■ Exercise
Your output should be the lines below from the one with "I suppose books are my real passion in life." through the one with "Plunderlings Drench Arctic", copied exactly, pictures excluded.

■ Dataset
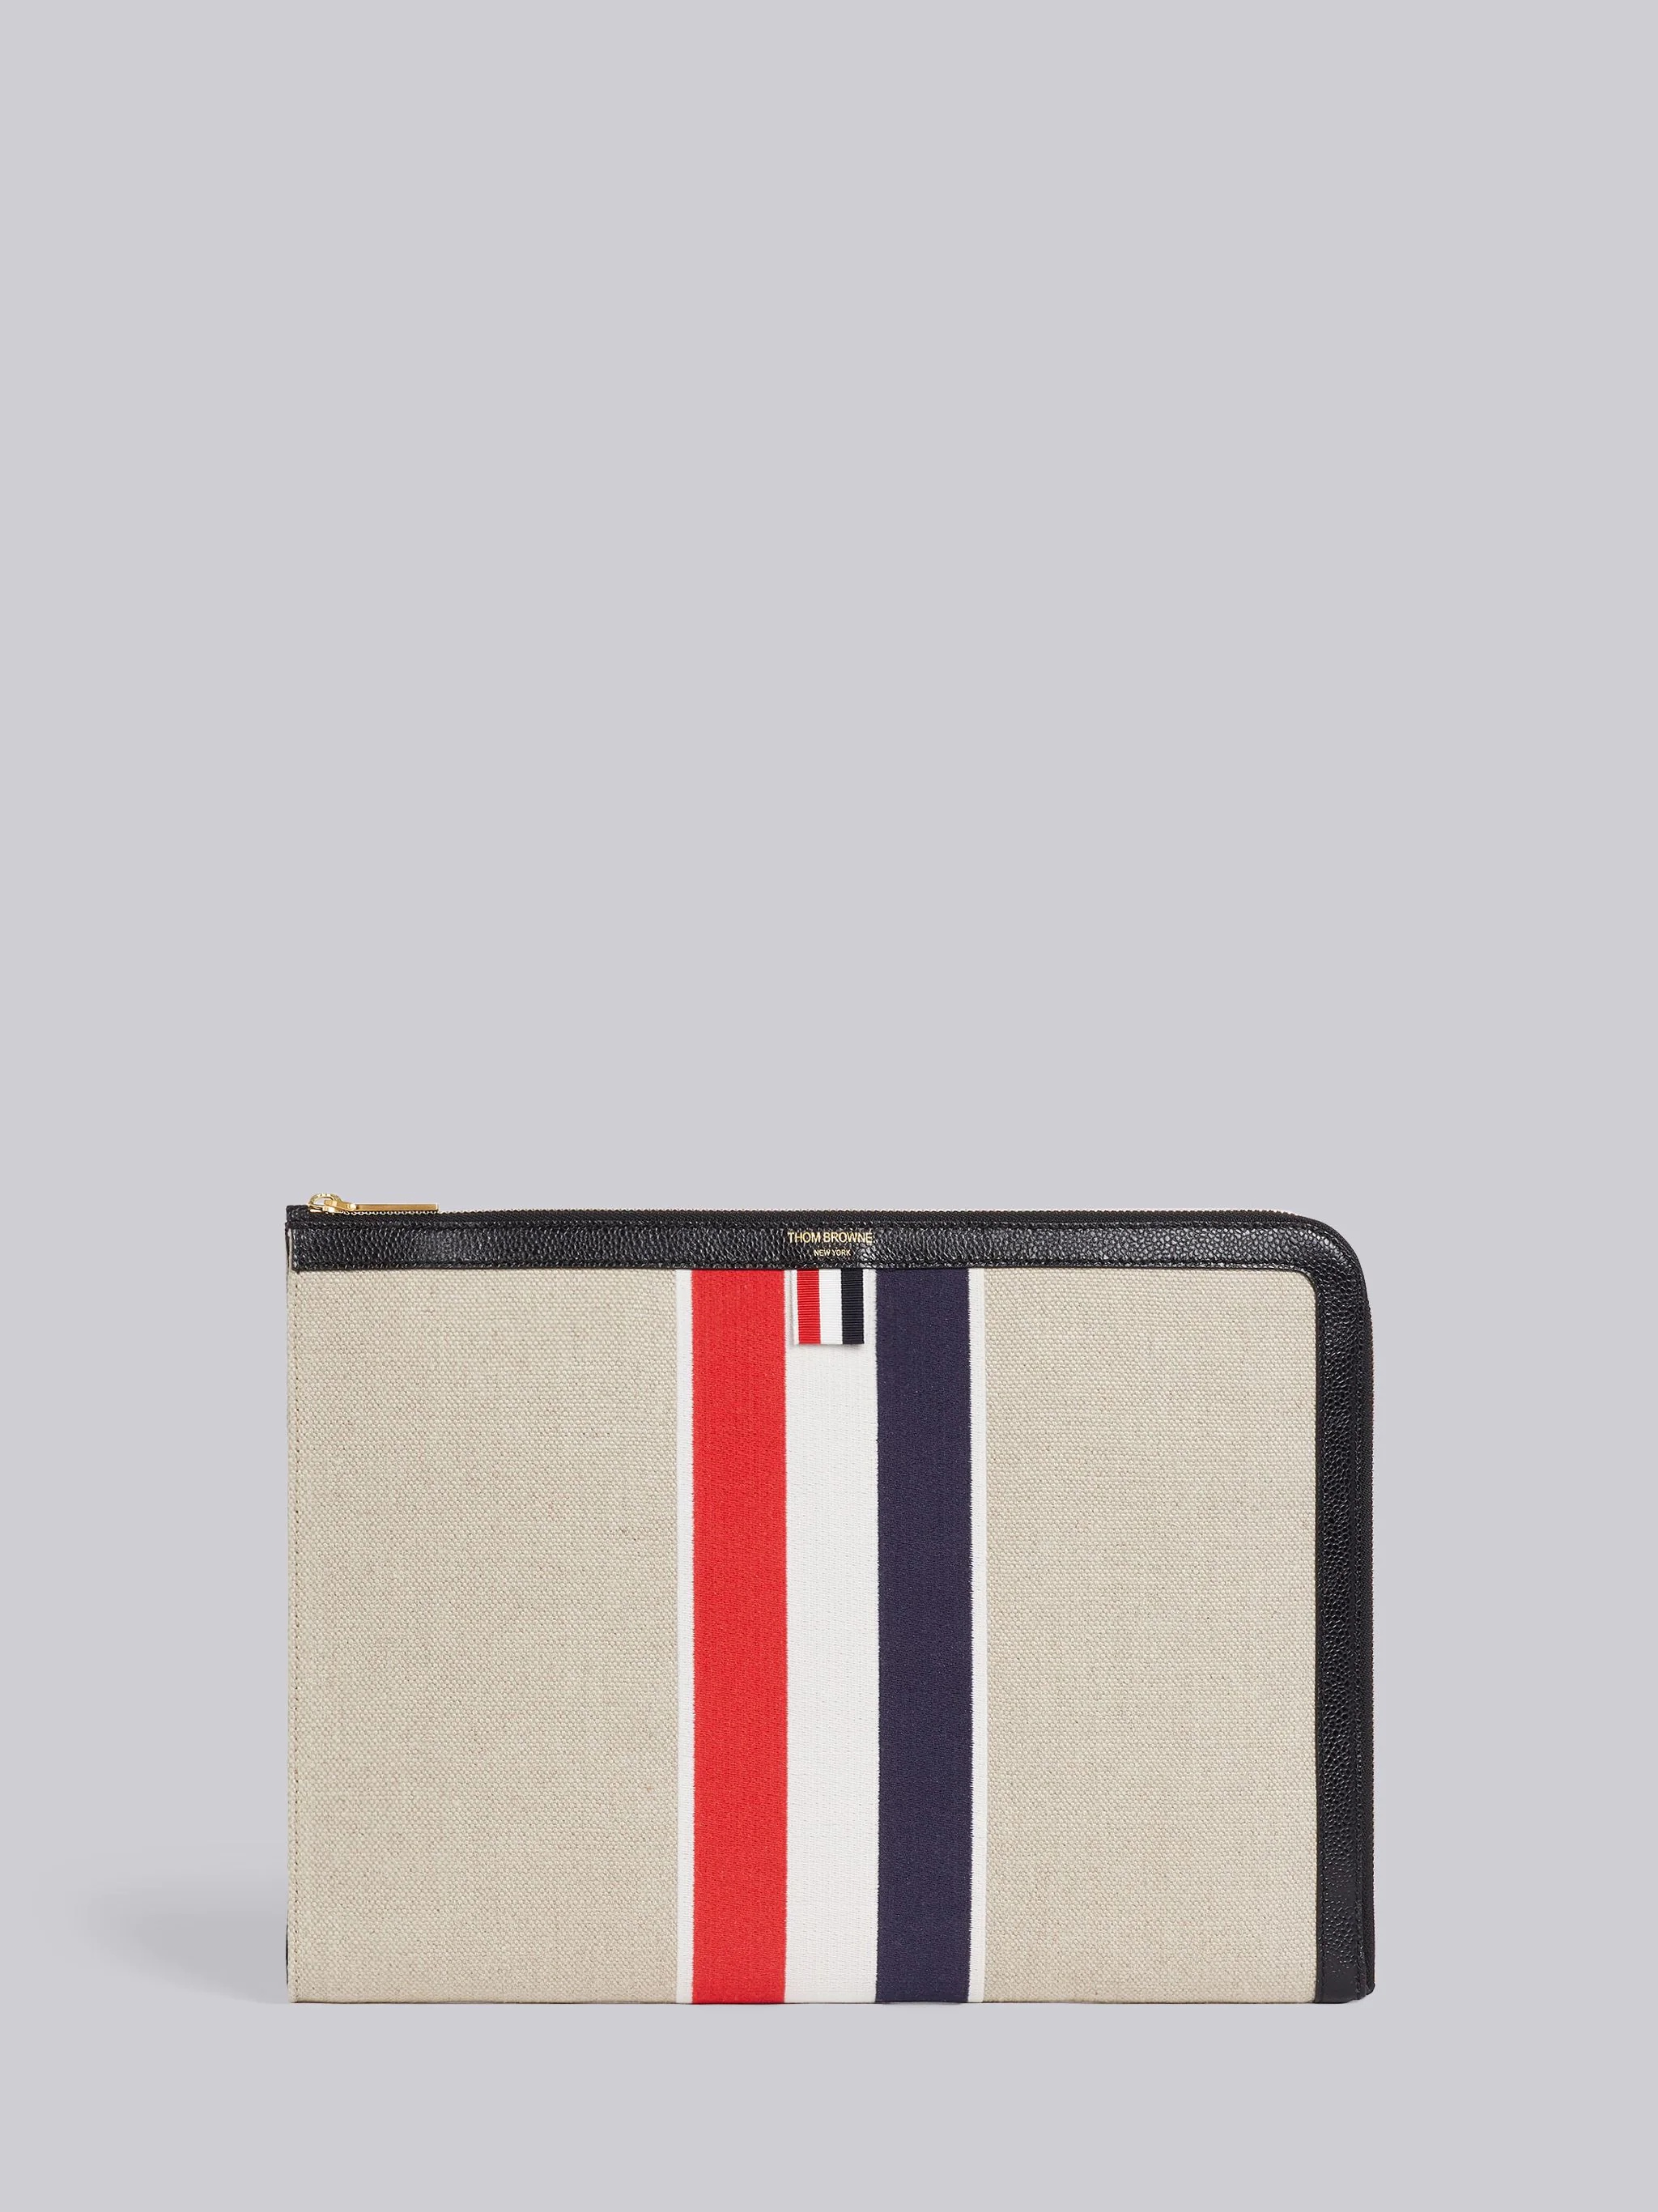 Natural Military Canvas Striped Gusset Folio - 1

---

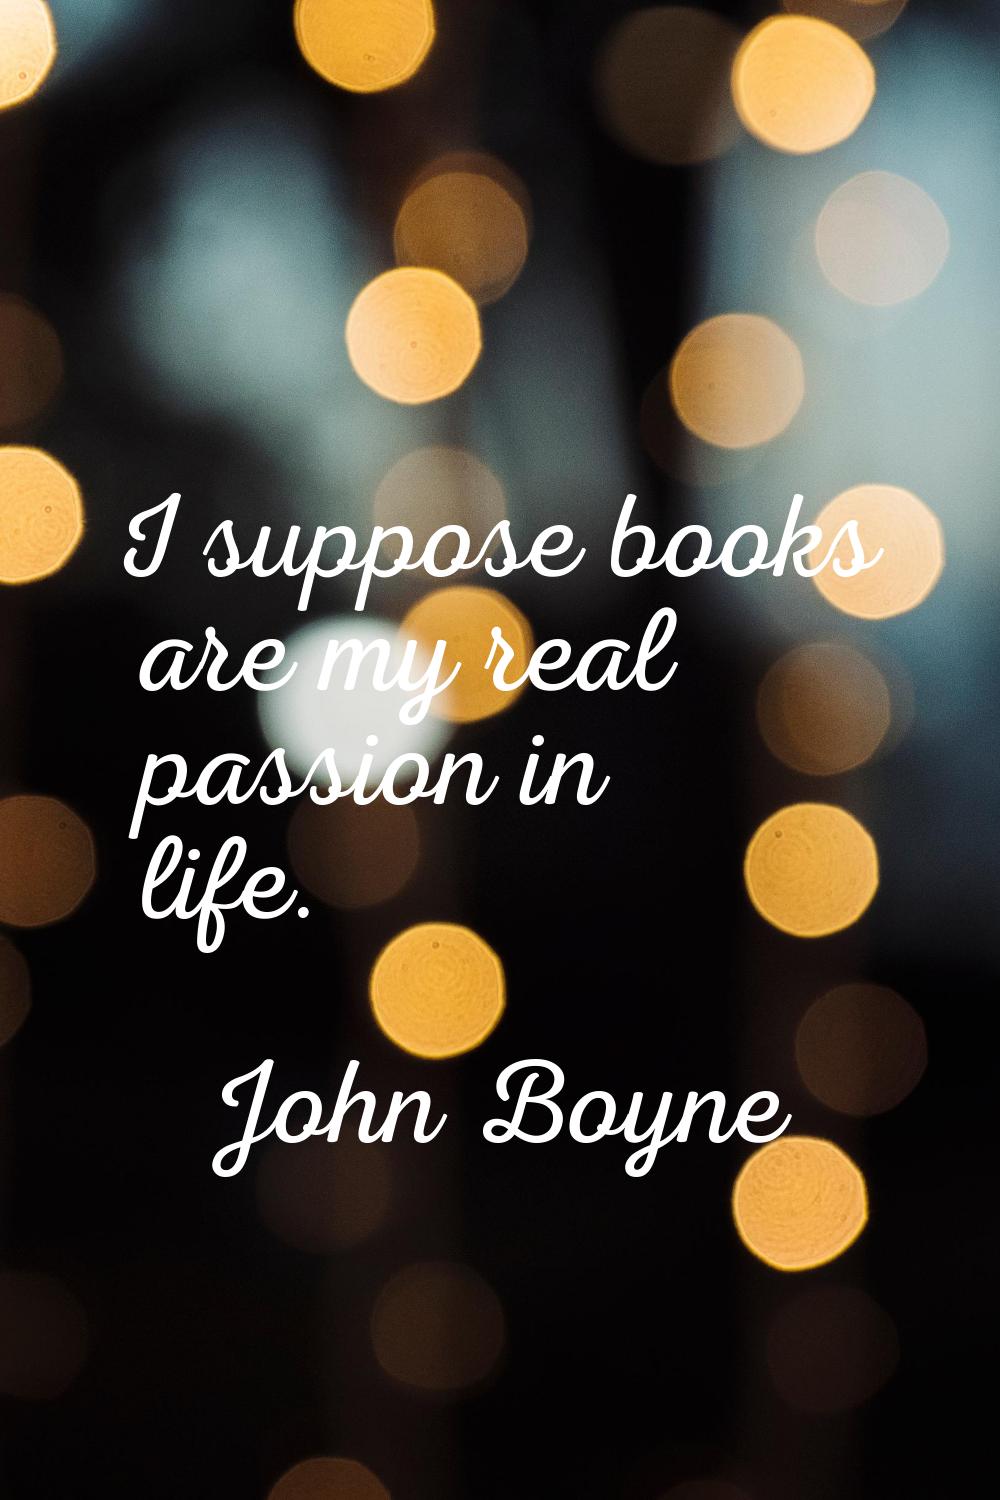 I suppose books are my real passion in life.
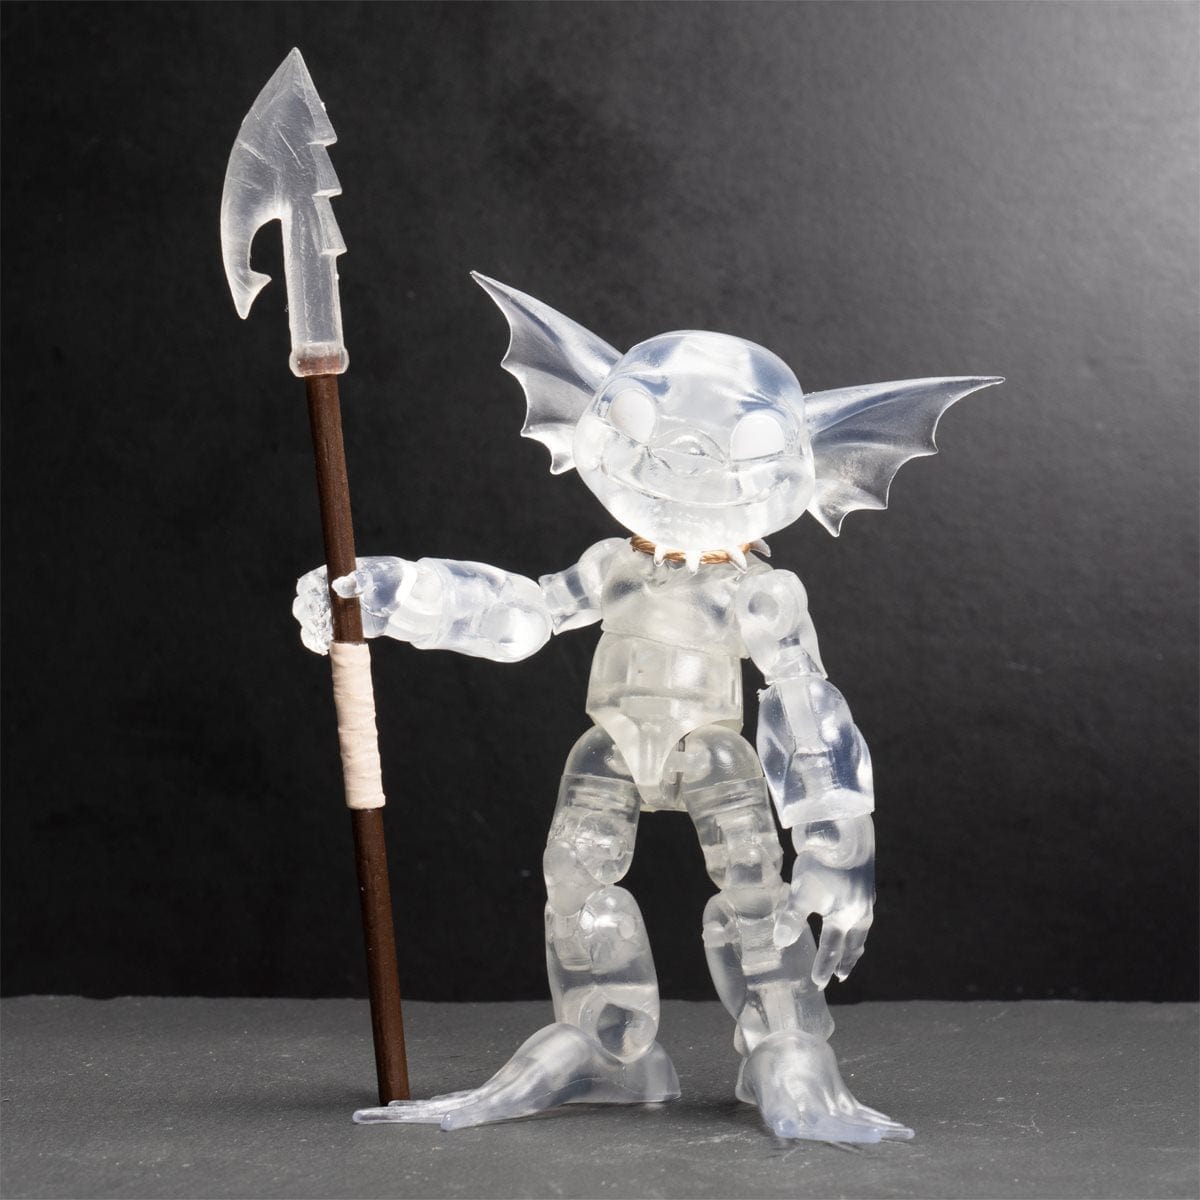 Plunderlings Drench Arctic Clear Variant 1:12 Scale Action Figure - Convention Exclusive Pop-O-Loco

■ Output
 I suppose books are my real passion in life.
 Plunderlings Drench Arctic Clear Variant 1:12 Scale Action Figure - Convention Exclusive Pop-O-Loco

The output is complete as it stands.